Semi-colons are only a part of assignment and print statements.
Statements used as part of if and while are single statements. To have more than one, the statement sequence is used.
The if vs. if/else statements will cause a shift/reduce conflict during parsing. This is OK as the default action of shift is correct.

Expressions are the other major part of Sloth syntax. An expression consists of literal values, identifiers and input expressions combined with parenthesis and the following operators (in order of precedence):

Parenthesis
!
* /
+ -
< <= > >= == !=
&&
||

All operators are binary except for ! which is unary.

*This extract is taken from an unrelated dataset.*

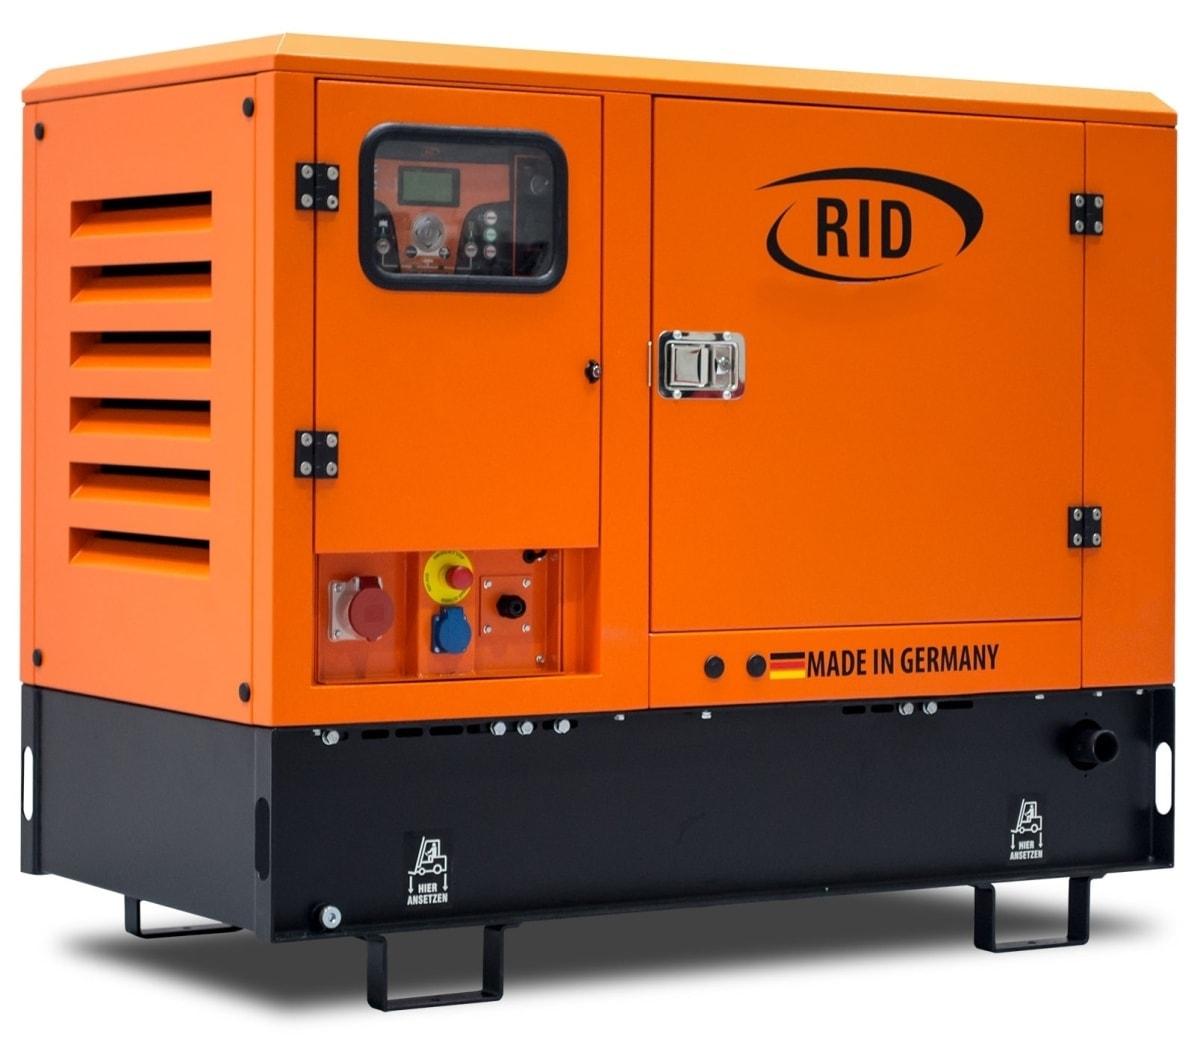 дизельная электростанция rid 10/1 e-series s

The operators each have the same meaning as they do in C-based languages.

Remember to make your expression grammar unambiguous and enforce the precedence rules as discussed in class.

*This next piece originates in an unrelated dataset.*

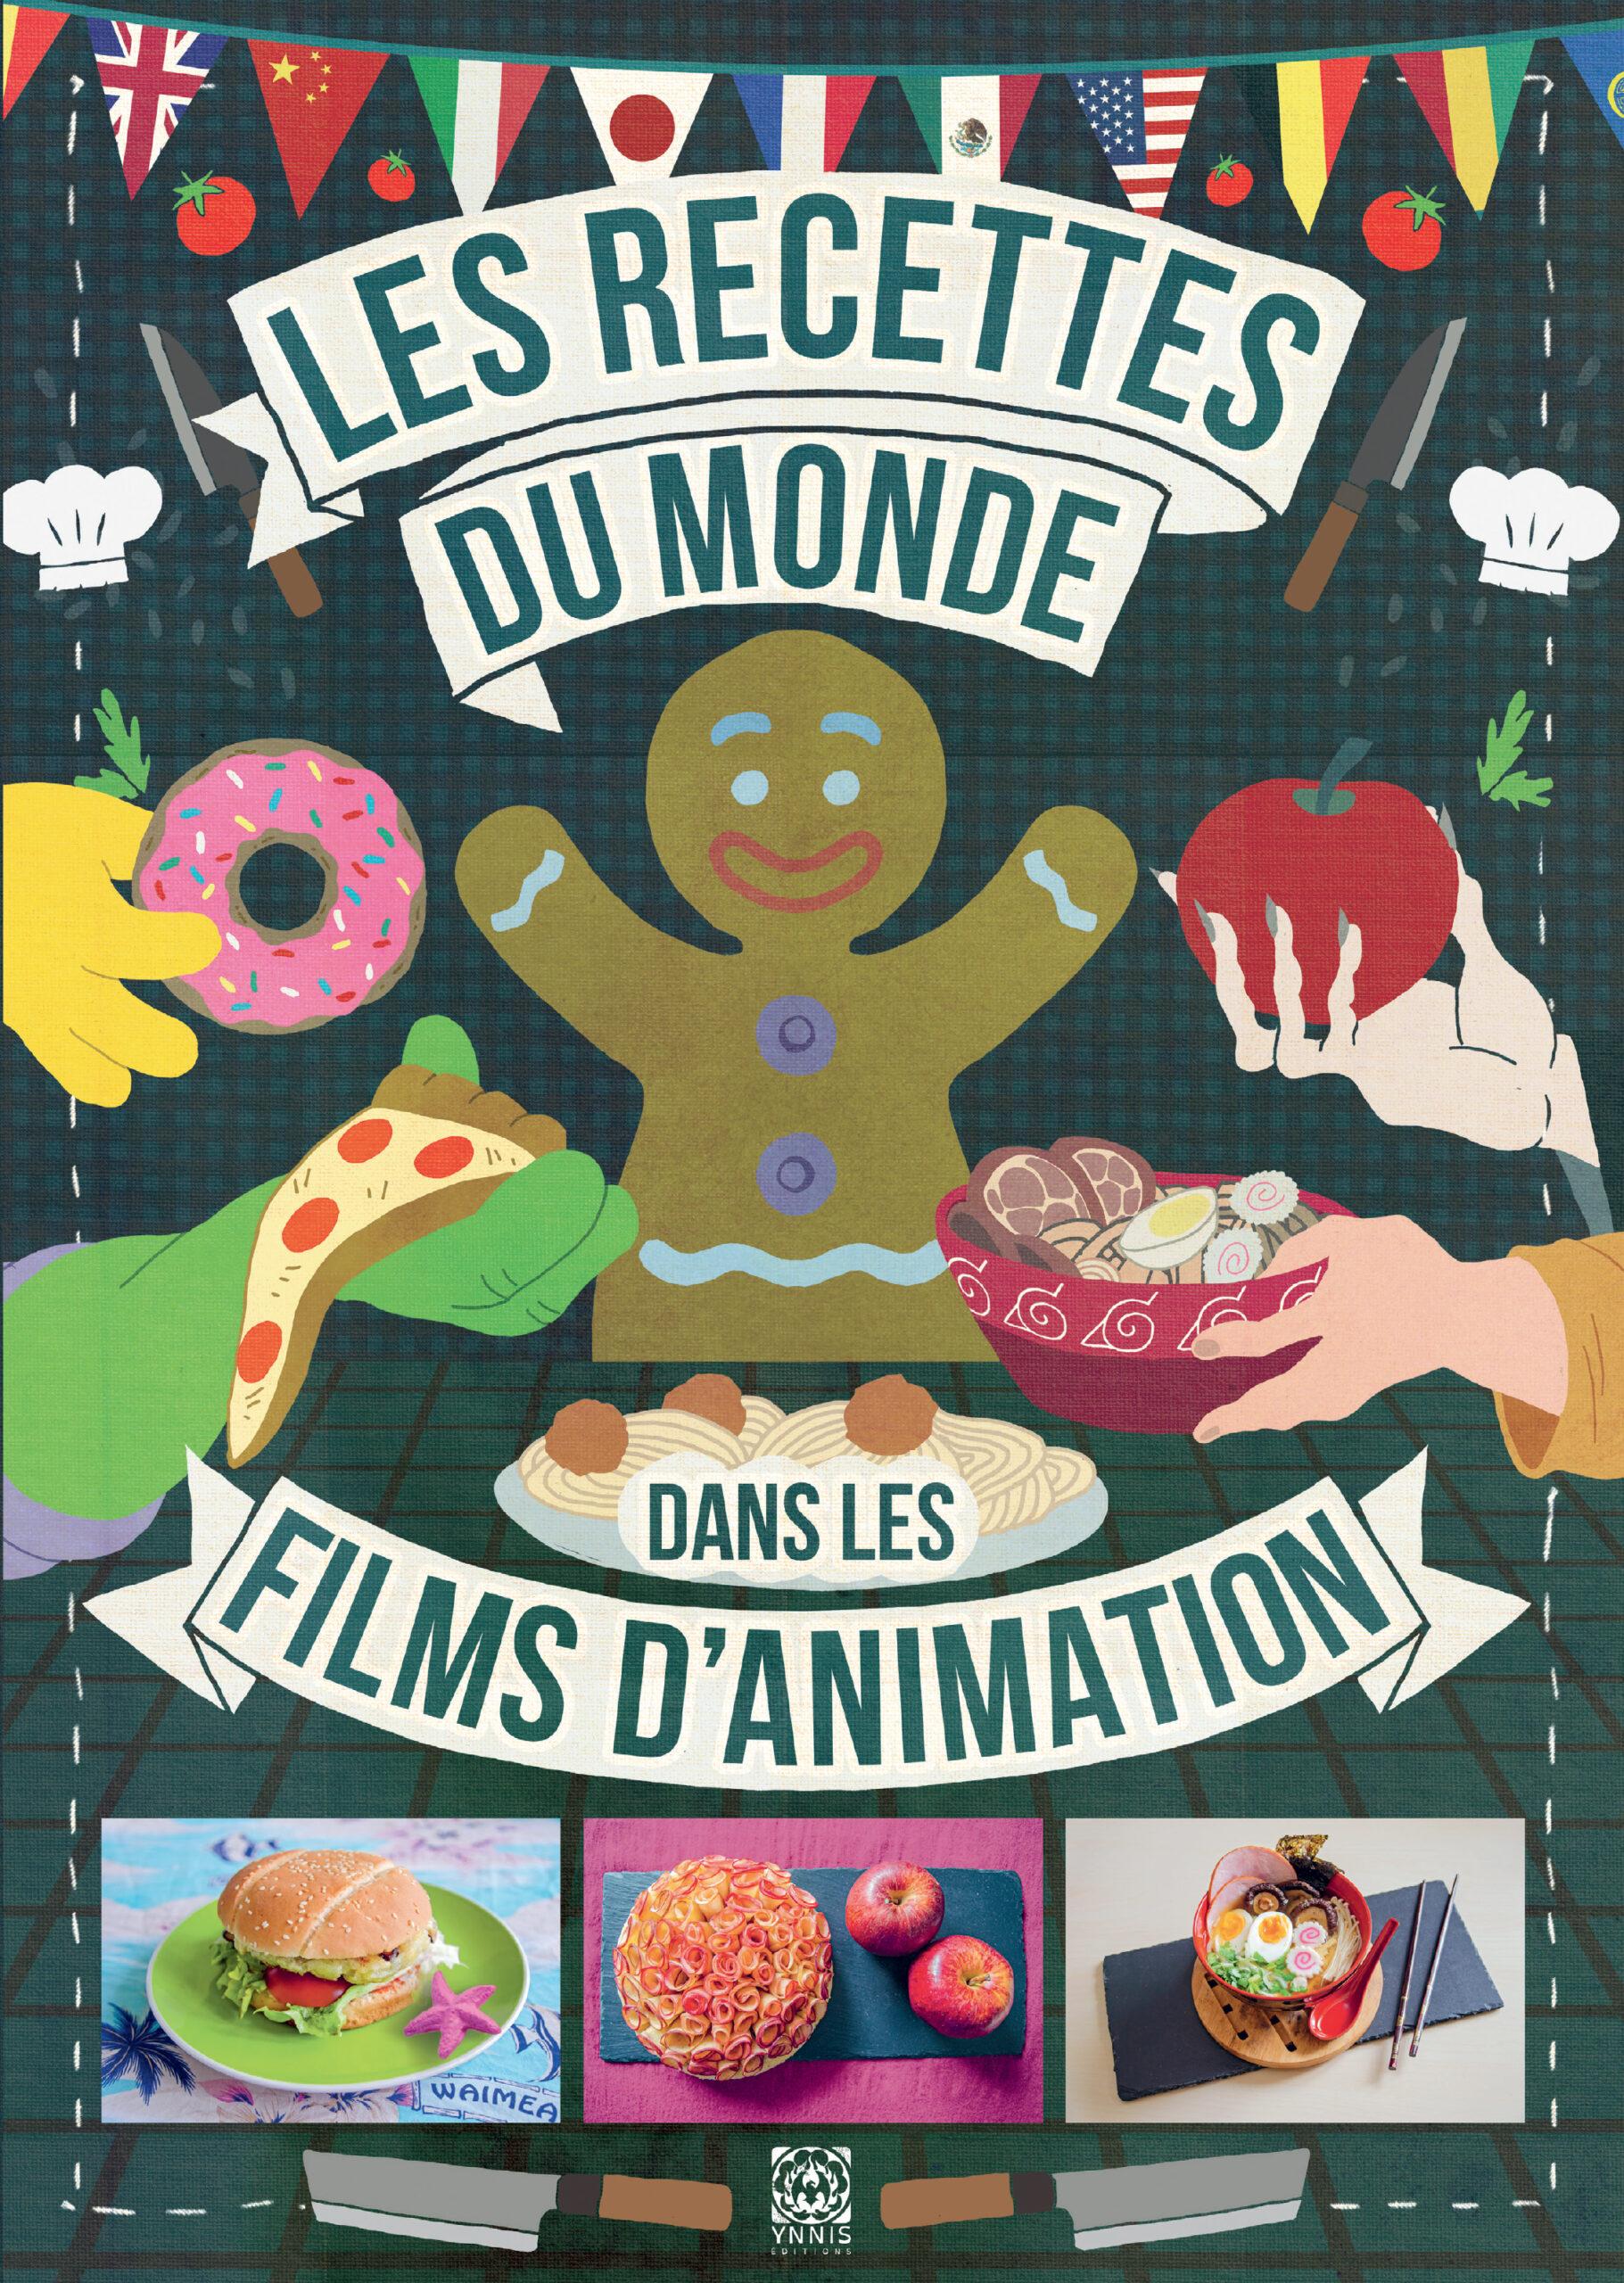 Les recettes du monde dans les films d'animation

Your program will parse Sloth programs using Bison. If an input program does not fit the grammar you specify, Bison will produce an error.

Note that having one shift/reduce error is expected! As discussed in class, this is caused by the dangling else issue.

Bison will trigger the actions as it is parsing each grammar rule. Inside of these actions, your parser should construct a parse tree that represents the program.

Trees will be constructed with one child for each sub-portion of a node. For example, the following code:

a := a + 1;

if a > 10 then
  a := 0;

Would be represented with the following tree:

Each set of multiple statements (such as between begin/end) is grouped with a statement node. Each of these has a single statement as the left child and a set of multiple as the right child (or NULL for the last statement in the set).
A statement such as if, else if, or while has children representing the expressions and /or statements that make up the statement.
Binary operators have two children - one for each operand.
Unary operators, such as ! and print, have one child.
Identifiers, literal numbers, and inputs are leaf nodes.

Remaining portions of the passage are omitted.